Haydi erkek yazarlar, haberciler yeterince empatik yaklaşım sergileyemiyorlar diyelim, medyanın kadın aktörlerine ne demeli? Haydi başı örtülü ve kayınpederi “AKP”li diye Zehra’yı harcıyorsunuz da bebek Zeynep, bu politik kamplaşmanın neresine düşüyor? Kaç gramdır o masumun ağırlığı ve size ne yapmıştır, hangi suçu işlemiştir Zeynep bebek?

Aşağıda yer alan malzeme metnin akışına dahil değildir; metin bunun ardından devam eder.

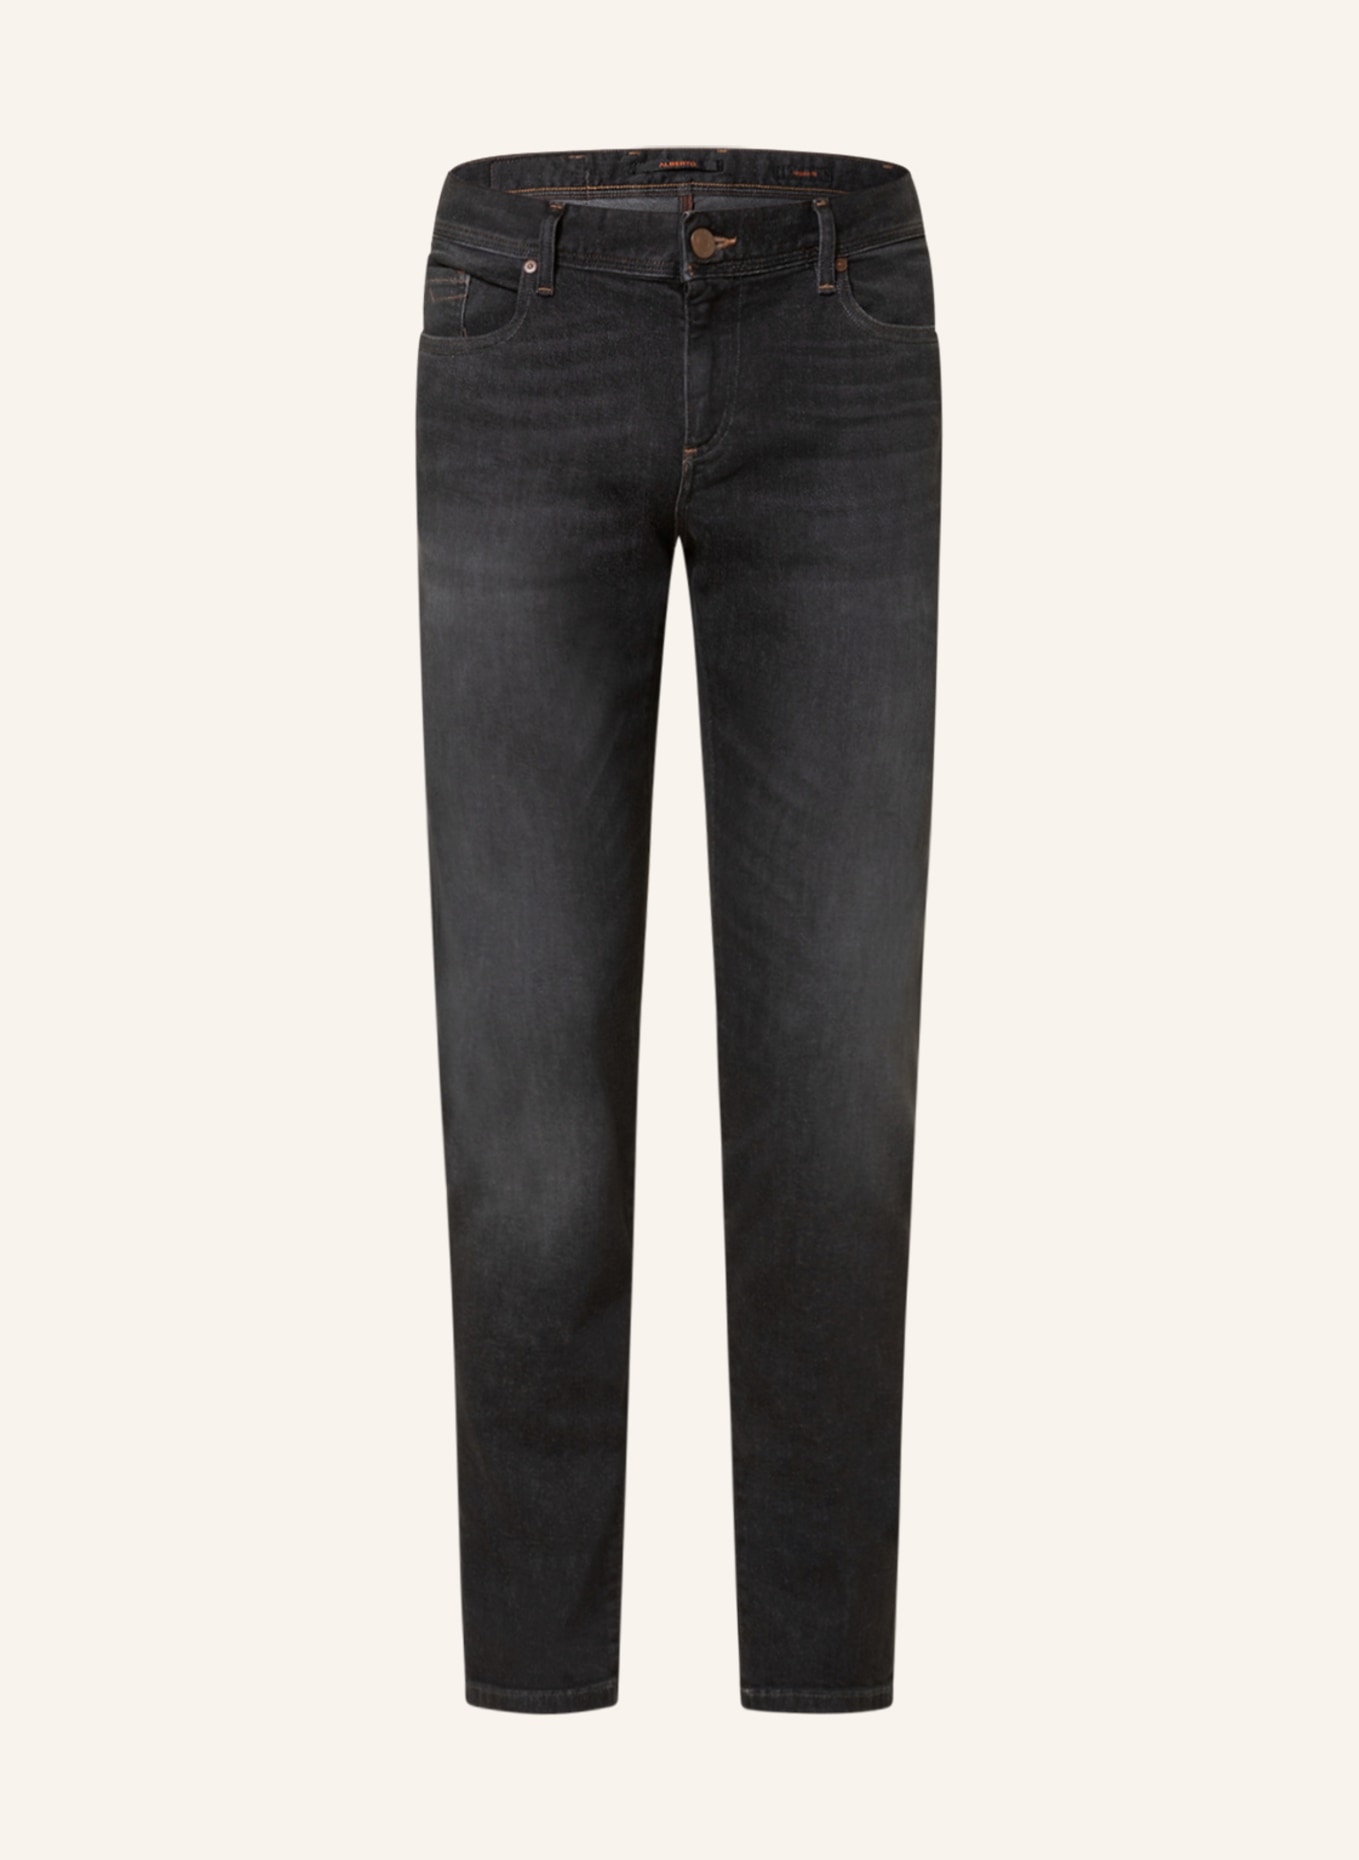 ALBERTO Jeans PIPE Regular Fit, Farbe: 980 (Bild 1)

“ Ben daha önce yazdım, yok sen daha önce yazdın” diye birbirine giren kadın gazeteciler, Zehra’ya ve ailesine neler yaptıklarını farkındalar mı? Her şey siyaset... Her şey medya değil oysa...

***

Ya aylar sonra ortaya çıkartılan, sürüme sunulan son videoya ne demeli? Develioğlu ailesi adeta yalvarırcasına şahit ve görüntü delili ararken, susanlar, kameralar bozuktu diyenler... Şimdi aylar sonra ne olduğu belli olmayan bu görüntüleri çıkartarak kimden öç alıyorlar? Bu ne kadar kötücül bir iştir böyle, bundan kime ne hayır gelir ki? Kim, ne kazanabilir bir kadının haysiyetiyle, bir bebeğin canıyla uğraşmaktan elinize ne geçer?  

“Zehra konuşsun!” diyorlar. Bense tüm bu yaşadığımız vicdan körleşmesinin, onun “konuşmama hakkı”nı tahkim ettiğini düşünüyorum.

(Develioğlu ailesiyle uzun yıllara dayalı bir dostluğumuz var, kendilerine ve hassaten evlatlarına tekraren geçmiş olsun dileklerimizi sunar, daha evvel de söylediğim vechile, medyadan uzak durmalarını temenni ederim.)